Problem
Working from the records below, repeat exactly the lines starting at the line that contains "Vodaseal Mobilya Rötuş" and ending at the line that contains "企业网站精美模板-environment-1225716", inclusive.

Given entries
____

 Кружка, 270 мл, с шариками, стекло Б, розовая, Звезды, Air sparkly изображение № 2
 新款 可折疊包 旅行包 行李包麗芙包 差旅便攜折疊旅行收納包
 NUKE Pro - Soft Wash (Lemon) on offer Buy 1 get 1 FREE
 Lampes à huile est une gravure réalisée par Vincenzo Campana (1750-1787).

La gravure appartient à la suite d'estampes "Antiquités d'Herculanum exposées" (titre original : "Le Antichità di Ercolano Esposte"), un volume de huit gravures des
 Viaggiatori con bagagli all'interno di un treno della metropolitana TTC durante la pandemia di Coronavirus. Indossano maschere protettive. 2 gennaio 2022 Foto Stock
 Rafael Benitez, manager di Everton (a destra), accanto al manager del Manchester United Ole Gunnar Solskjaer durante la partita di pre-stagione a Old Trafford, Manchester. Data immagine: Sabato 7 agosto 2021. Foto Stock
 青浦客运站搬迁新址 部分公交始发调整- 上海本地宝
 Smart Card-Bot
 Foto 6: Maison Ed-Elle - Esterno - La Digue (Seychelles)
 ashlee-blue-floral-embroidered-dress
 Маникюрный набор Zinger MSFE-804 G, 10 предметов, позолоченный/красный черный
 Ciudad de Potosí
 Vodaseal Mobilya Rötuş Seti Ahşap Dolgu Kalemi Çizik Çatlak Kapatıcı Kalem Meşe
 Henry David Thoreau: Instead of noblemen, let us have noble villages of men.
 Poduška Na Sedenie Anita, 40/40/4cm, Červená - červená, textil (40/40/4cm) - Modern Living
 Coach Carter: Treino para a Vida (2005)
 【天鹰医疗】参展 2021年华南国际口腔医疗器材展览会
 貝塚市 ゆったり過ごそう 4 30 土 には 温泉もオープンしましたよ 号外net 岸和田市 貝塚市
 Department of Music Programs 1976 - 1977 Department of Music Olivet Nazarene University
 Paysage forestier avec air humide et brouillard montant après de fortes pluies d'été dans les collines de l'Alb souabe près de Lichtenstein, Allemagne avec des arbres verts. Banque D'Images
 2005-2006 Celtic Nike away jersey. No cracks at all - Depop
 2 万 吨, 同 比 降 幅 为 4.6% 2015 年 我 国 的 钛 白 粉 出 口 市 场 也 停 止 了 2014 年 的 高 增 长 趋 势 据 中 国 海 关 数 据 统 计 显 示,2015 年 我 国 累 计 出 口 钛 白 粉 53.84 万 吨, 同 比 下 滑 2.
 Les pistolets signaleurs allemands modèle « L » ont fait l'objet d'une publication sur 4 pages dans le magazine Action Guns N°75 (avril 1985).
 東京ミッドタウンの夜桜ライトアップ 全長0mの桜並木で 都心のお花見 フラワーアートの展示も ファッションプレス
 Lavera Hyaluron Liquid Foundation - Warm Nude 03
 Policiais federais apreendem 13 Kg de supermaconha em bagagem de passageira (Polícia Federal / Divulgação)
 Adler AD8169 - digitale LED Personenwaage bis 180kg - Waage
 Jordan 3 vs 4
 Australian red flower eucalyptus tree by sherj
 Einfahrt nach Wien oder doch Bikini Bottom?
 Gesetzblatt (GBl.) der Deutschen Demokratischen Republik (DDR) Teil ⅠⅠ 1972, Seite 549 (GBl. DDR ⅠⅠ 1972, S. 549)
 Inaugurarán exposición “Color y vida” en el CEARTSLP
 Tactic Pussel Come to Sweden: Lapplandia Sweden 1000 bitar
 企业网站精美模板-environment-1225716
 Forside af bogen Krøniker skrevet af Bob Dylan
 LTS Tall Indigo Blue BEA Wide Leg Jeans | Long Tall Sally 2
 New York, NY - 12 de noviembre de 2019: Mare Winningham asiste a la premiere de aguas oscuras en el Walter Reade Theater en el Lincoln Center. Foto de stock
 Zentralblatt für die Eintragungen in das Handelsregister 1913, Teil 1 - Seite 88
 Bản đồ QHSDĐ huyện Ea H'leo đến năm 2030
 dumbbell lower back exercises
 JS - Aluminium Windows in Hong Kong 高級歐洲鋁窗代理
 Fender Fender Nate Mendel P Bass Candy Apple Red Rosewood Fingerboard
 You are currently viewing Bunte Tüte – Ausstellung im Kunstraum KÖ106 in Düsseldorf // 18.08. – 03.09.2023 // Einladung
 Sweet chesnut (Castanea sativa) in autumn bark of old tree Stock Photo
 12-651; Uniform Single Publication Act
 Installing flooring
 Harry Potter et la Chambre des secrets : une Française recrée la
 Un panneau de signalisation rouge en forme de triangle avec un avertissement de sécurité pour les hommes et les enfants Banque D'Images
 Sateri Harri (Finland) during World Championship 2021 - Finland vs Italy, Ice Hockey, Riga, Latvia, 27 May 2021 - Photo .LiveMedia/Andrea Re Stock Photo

____

Response
 Vodaseal Mobilya Rötuş Seti Ahşap Dolgu Kalemi Çizik Çatlak Kapatıcı Kalem Meşe
 Henry David Thoreau: Instead of noblemen, let us have noble villages of men.
 Poduška Na Sedenie Anita, 40/40/4cm, Červená - červená, textil (40/40/4cm) - Modern Living
 Coach Carter: Treino para a Vida (2005)
 【天鹰医疗】参展 2021年华南国际口腔医疗器材展览会
 貝塚市 ゆったり過ごそう 4 30 土 には 温泉もオープンしましたよ 号外net 岸和田市 貝塚市
 Department of Music Programs 1976 - 1977 Department of Music Olivet Nazarene University
 Paysage forestier avec air humide et brouillard montant après de fortes pluies d'été dans les collines de l'Alb souabe près de Lichtenstein, Allemagne avec des arbres verts. Banque D'Images
 2005-2006 Celtic Nike away jersey. No cracks at all - Depop
 2 万 吨, 同 比 降 幅 为 4.6% 2015 年 我 国 的 钛 白 粉 出 口 市 场 也 停 止 了 2014 年 的 高 增 长 趋 势 据 中 国 海 关 数 据 统 计 显 示,2015 年 我 国 累 计 出 口 钛 白 粉 53.84 万 吨, 同 比 下 滑 2.
 Les pistolets signaleurs allemands modèle « L » ont fait l'objet d'une publication sur 4 pages dans le magazine Action Guns N°75 (avril 1985).
 東京ミッドタウンの夜桜ライトアップ 全長0mの桜並木で 都心のお花見 フラワーアートの展示も ファッションプレス
 Lavera Hyaluron Liquid Foundation - Warm Nude 03
 Policiais federais apreendem 13 Kg de supermaconha em bagagem de passageira (Polícia Federal / Divulgação)
 Adler AD8169 - digitale LED Personenwaage bis 180kg - Waage
 Jordan 3 vs 4
 Australian red flower eucalyptus tree by sherj
 Einfahrt nach Wien oder doch Bikini Bottom?
 Gesetzblatt (GBl.) der Deutschen Demokratischen Republik (DDR) Teil ⅠⅠ 1972, Seite 549 (GBl. DDR ⅠⅠ 1972, S. 549)
 Inaugurarán exposición “Color y vida” en el CEARTSLP
 Tactic Pussel Come to Sweden: Lapplandia Sweden 1000 bitar
 企业网站精美模板-environment-1225716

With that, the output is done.